Когда Лизель пошла с Розой Хуберман через Молькинг с бельем, один из клиентов, Эрнст Фогель, сообщил им, что больше не может отдавать вещи в стирку и глажку.
– Такое время, – извинился он. – Что тут скажешь? А будет еще труднее. Война, надо держаться. – Он посмотрел на девочку. – Вам, конечно, платят пособие на эту малютку, да?
Мама, к ужасу Лизель, будто онемела.
Рядом – пустой мешок.
Идем, Лизель.
Это не сказано было. Это было дернуто – жесткой рукой.
Фогель окликнул их с крыльца. Роста он был, наверное, под метр семьдесят, и сальные космы безжизненно свисали ему на лоб.
– Извините меня, фрау Хуберман!
Лизель махнула ему.
Он махнул в ответ.
Мама вспыхнула.
– Не маши этому засранцу, – сказала она. – Давай, шевелись.
Тем вечером, моя Лизель в ванне, Мама особенно крепко скребла ее и все время бормотала про «этого свинуха Фогеля» и каждые две минуты изображала его.
– «Вам должны платить пособие на эту девочку…» – Растирая, она бранила голую грудь Лизель. – Столько ты не стоишь, свинюха. На тебе не разбогатеешь, так-то!
Лизель сидела и впитывала.
С этого знаменательного случая прошло не больше недели, когда Роза вызвала девочку на кухню.
– Так, Лизель. – Посадила ее к столу. – Раз уж ты по полдня болтаешься на улице, футбол пинаешь, можешь и делом там заняться. Для разнообразия.
Лизель уставилась только на свои руки.
– Что такое, Мама?
– Будешь теперь собирать и разносить стирку вместо меня. Этим богатеям не так легко будет нам отказать, если перед ними будешь стоять ты одна. А если спросят, где я, отвечай, что болею. И будь грустной, когда отвечаешь. Ты тощая, бледная, они тебя пожалеют.
– Герр Фогель меня не пожалел.
– Ну… – Мамино смятение было очевидно. – А другие могут. И нечего спорить.
– Да, Мама.
Секунду-другую казалось, что ее приемная мать сейчас приободрит Лизель, потреплет по плечу.
Вот и умничка, Лизель. Умничка.
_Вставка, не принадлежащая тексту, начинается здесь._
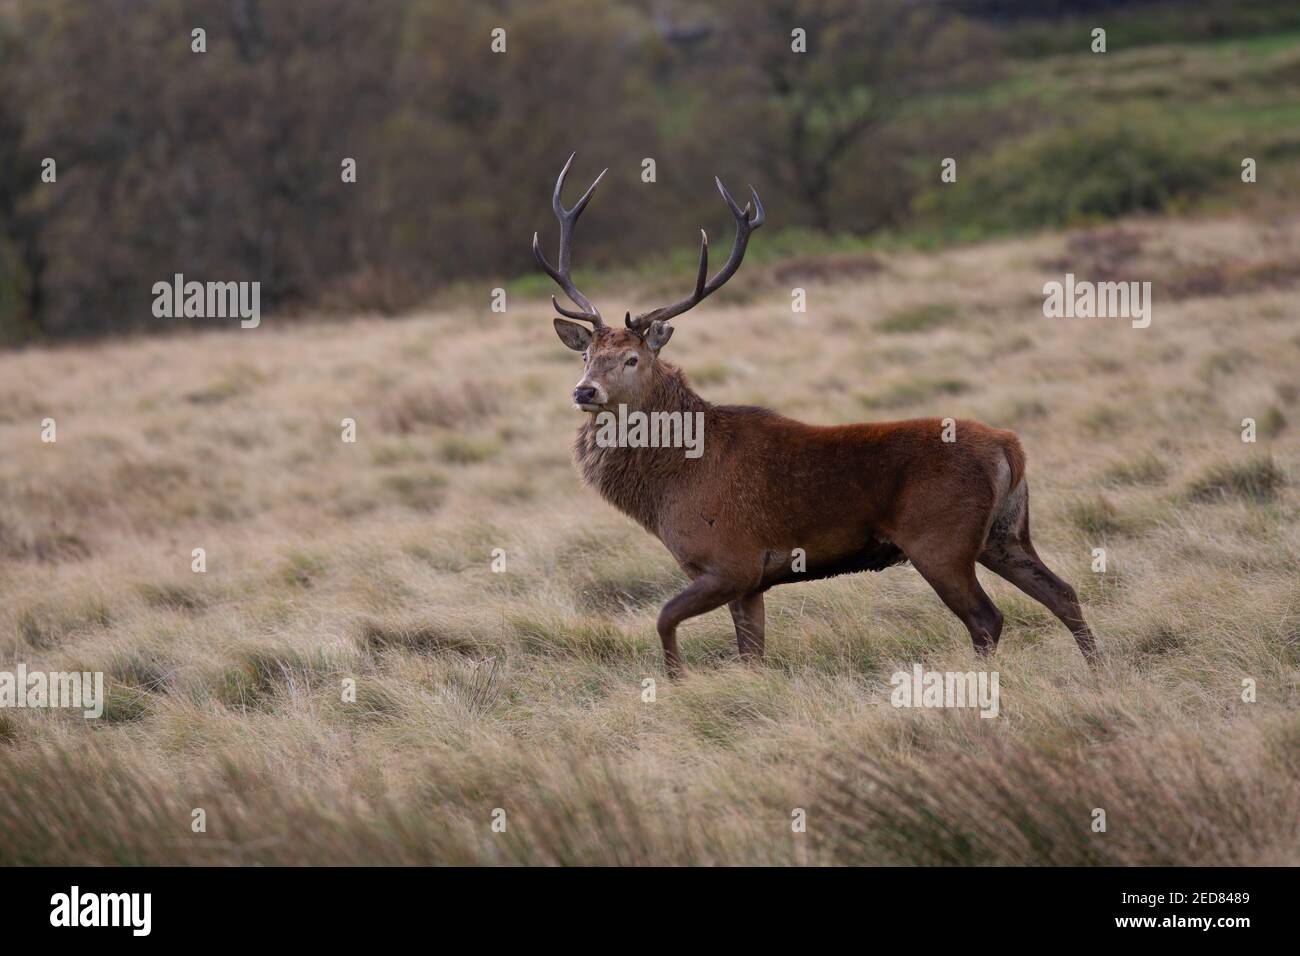 Wild red stag deer standing alone in the British countryside. Taken in the Peak District National Park in England, UK. Stock Photo

Хлоп, хлоп, хлоп.
Ничего подобного она не сделала.
Вместо этого Роза Хуберман встала, выбрала деревянную ложку и поднесла к носу Лизель. По ее убеждению, это было необходимо.
– Когда пойдешь, заходи с мешком в каждый дом и потом неси его сразу домой, вместе с деньгами, пусть их там всего ничего. Никаких заходов к Папе, если он вдруг в кои-то веки работает. Никаких лазаний в грязи с этим мелким свинухом Руди Штайнером. Сразу. Домой.
– Да, Мама.
– И когда возьмешь мешок, держи его как следует. Не размахивать, не мять и не закидывать на плечо.
– Да, Мама!
– «Да, Мама». – Роза Хуберман была выдающимся имитатором – и ревностным в придачу. – Смотри мне, свинюха. Я узнаю, если будешь размахивать, не сомневайся.
– Да, Мама!
Два эти слова часто оказывались лучшим способом спастись, а другой способ – делать, что говорят, и с того дня Лизель стала обходить улицы Молькинга с бедного конца на богатый, собирая и разнося белье. Поначалу труд был одинокий, хотя Лизель ни разу не пожаловалась. В конце концов, когда Лизель в самый первый раз вышла с бельем в город, она, едва свернув на Мюнхен-штрассе, оглянулась по сторонам и как следует – описав полный круг – взмахнула мешком, а потом проверила, как там содержимое. По счастью, никаких складок. Никаких морщин. И тогда – улыбка и обещание больше никогда не размахивать.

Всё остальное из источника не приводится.